In 1981, HELCO was concerned that Congress would, in the near future, eliminate the favorable tax features of the SPR bonds. This concern led HELCO to obtain approval of the sale of the SPR bonds which generated net proceeds of $7.2 million. At the time of the sale of the bonds, HELCO had plans to use only a portion of the $7.2 million.

In 1982 (the test year used in this rate-increase proceeding), HELCO anticipated to draw and use only $2,351,000 of the $7.2 million. The remaining undrawn proceeds ($4,849,000) were held by a Construction Fund Trustee and HELCO could only draw these moneys for specified projects approved by the PUC. The Construction Fund Trustee invested these undrawn proceeds and the record indicates that die income earned on the investments has adequately covered the interest expense of the bonds.

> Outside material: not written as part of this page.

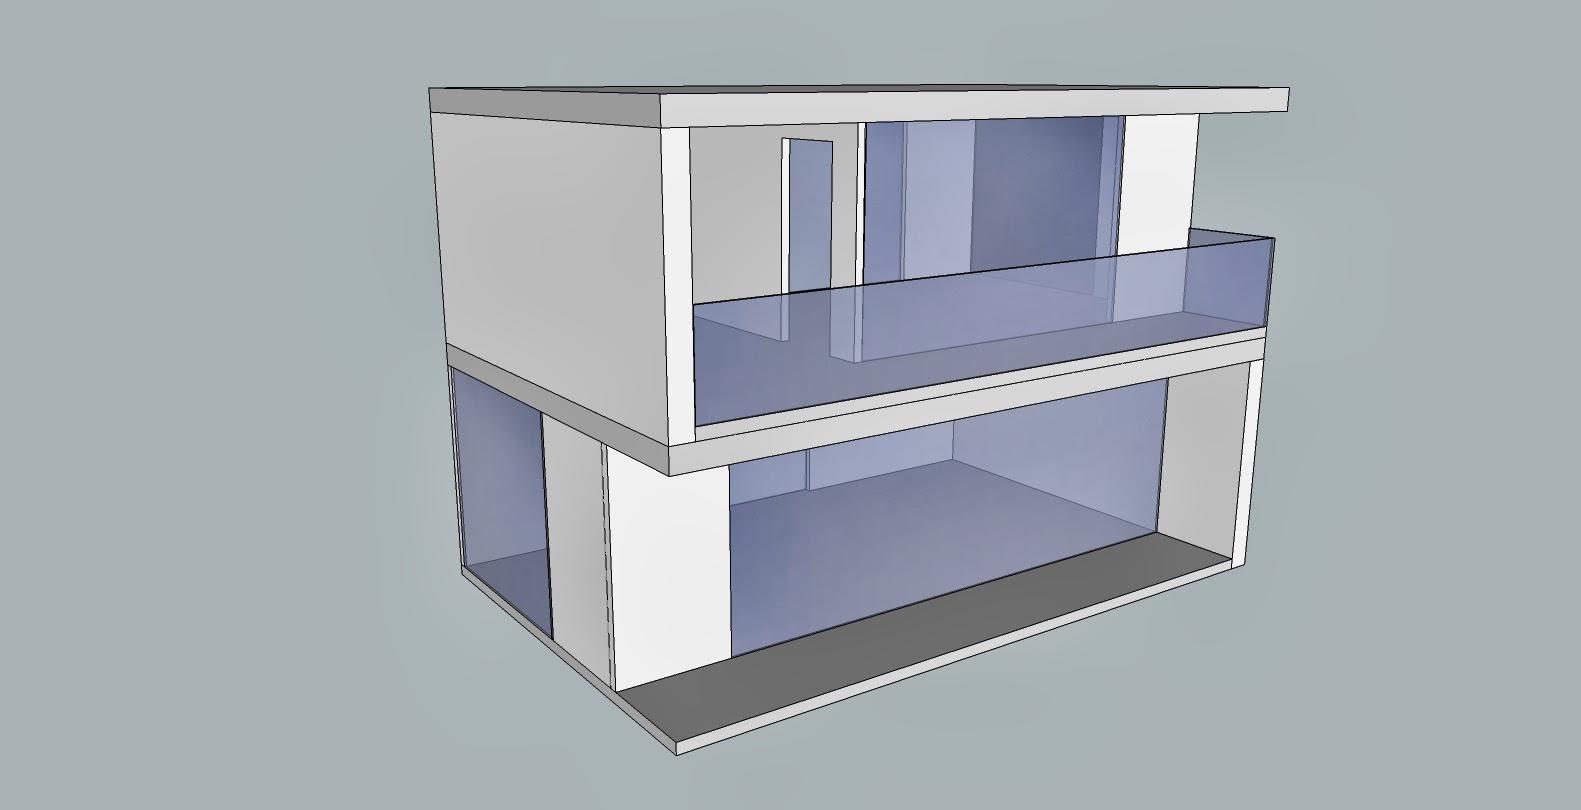 Ejemplo de 2 módulos formando una casa de muñecas moderna

During the rate-increase proceedings, both HELCO and the CA included only the drawn proceeds of the SPR bonds in the capital structure and in calculating operating revenues and expenses. The PUC, however, in Decision and Order No. 7553, included the entire $7.2 million — the drawn and undrawn proceeds — in calculating the cost of capital and income tax expense. The PUC did not, however, include as income to HELCO the income received on the investment of the undrawn proceeds even though the interest expense on $7.2 million was included in the PUC’s calculations. The net effect of the PUC’s action was a lowering of HELCO’s calculated revenue requirement for obtaining a fair rate of return.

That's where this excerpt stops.